An improved 9 DOF Hybrid—Trefftz triangular element for plate bending

This paper presents a new 9 DOF triangular element for plate bending. It is an analytically integrated improved version of the simplest member in the hierarchy of numerically integrated elements. These elements have been based on the so‐called Hybrid—Trefftz model (HT), a recently developed hybrid model associated with enforcing interelement continuity on locally based displacement fields chosen such that they a priori verify the Lagrange plate equation over the element. In the process of development of the element stiffness matrix in a standard HT model, one has to invert the so‐called natural stiffness matrix, a 7 × 7 matrix associated with the expression of the strain energy in terms of the Trefftz's functions of the element.

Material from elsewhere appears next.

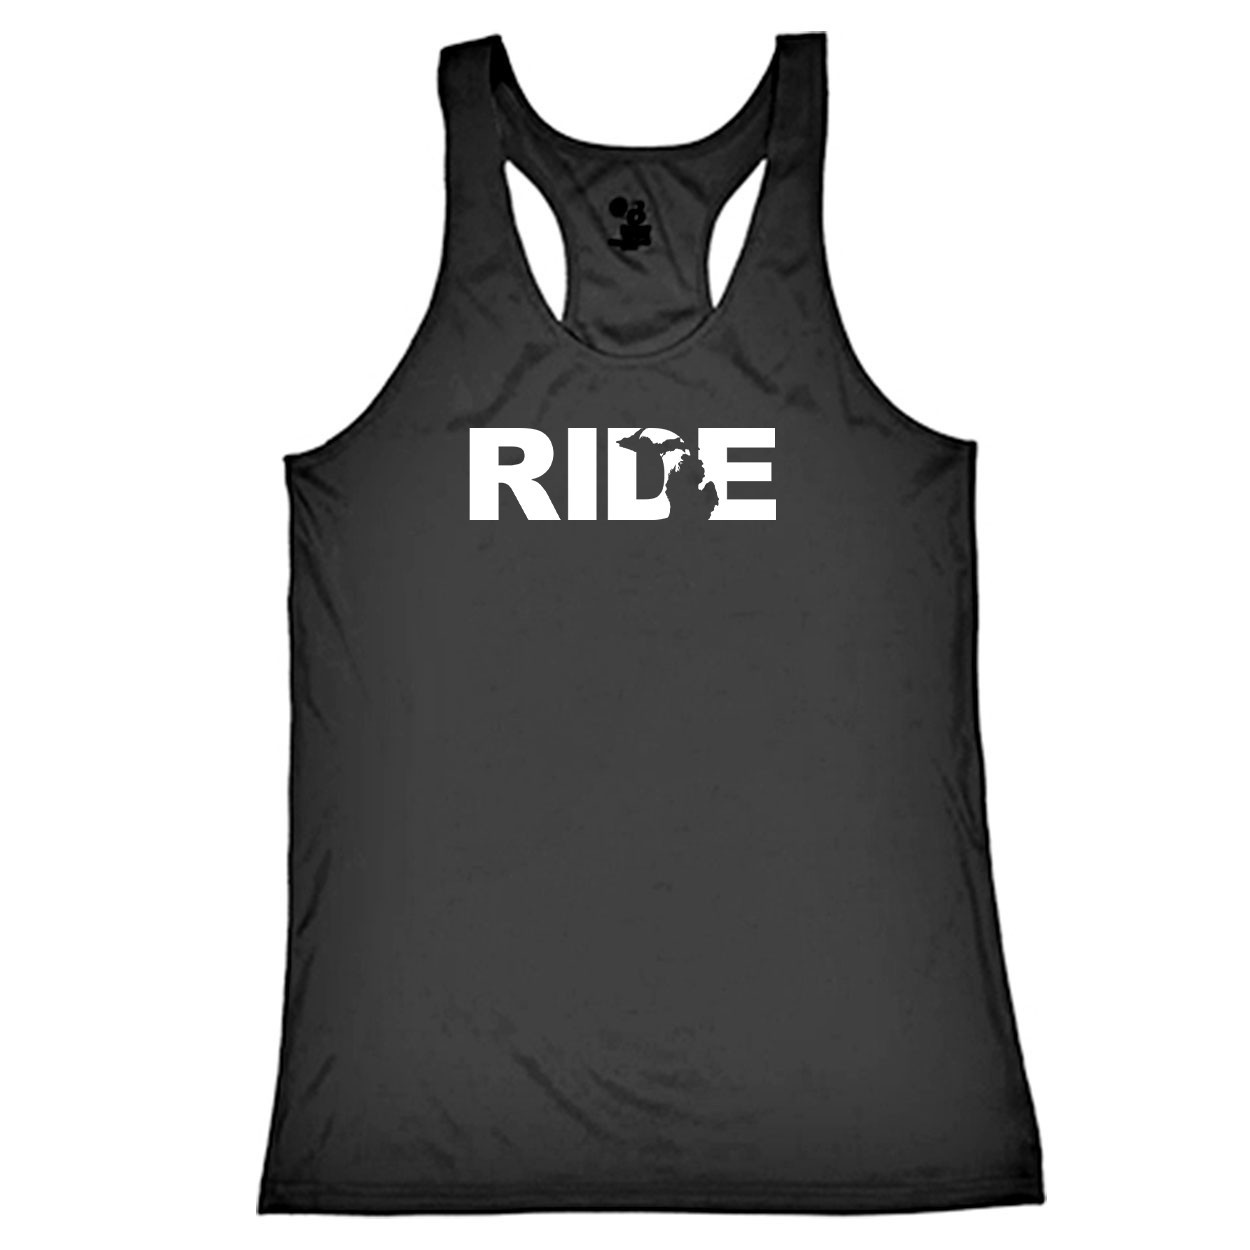 Ride Michigan Classic Youth Girls Performance Racerback Tank Top Black (White Logo)

The inversion of this fully populated matrix represents the most expensive part of the calculation of the element. The basic improvement of the standard Hybrid—Trefftz 9 DOF triangle consists in replacing the original Trefftz's functions by new ones which are energy orthogonal and consequently, result in a diagonal natural stiffness matrix. This not only alleviates considerably the computer cost, but also significantly simplifies the algebra making analytical integrations possible. The practical efficiency of the new element which passes the patch test is demonstrated through numerical examples including the difficult simply supported skew plate problem with a strong singularity at its 150° obtuse corner.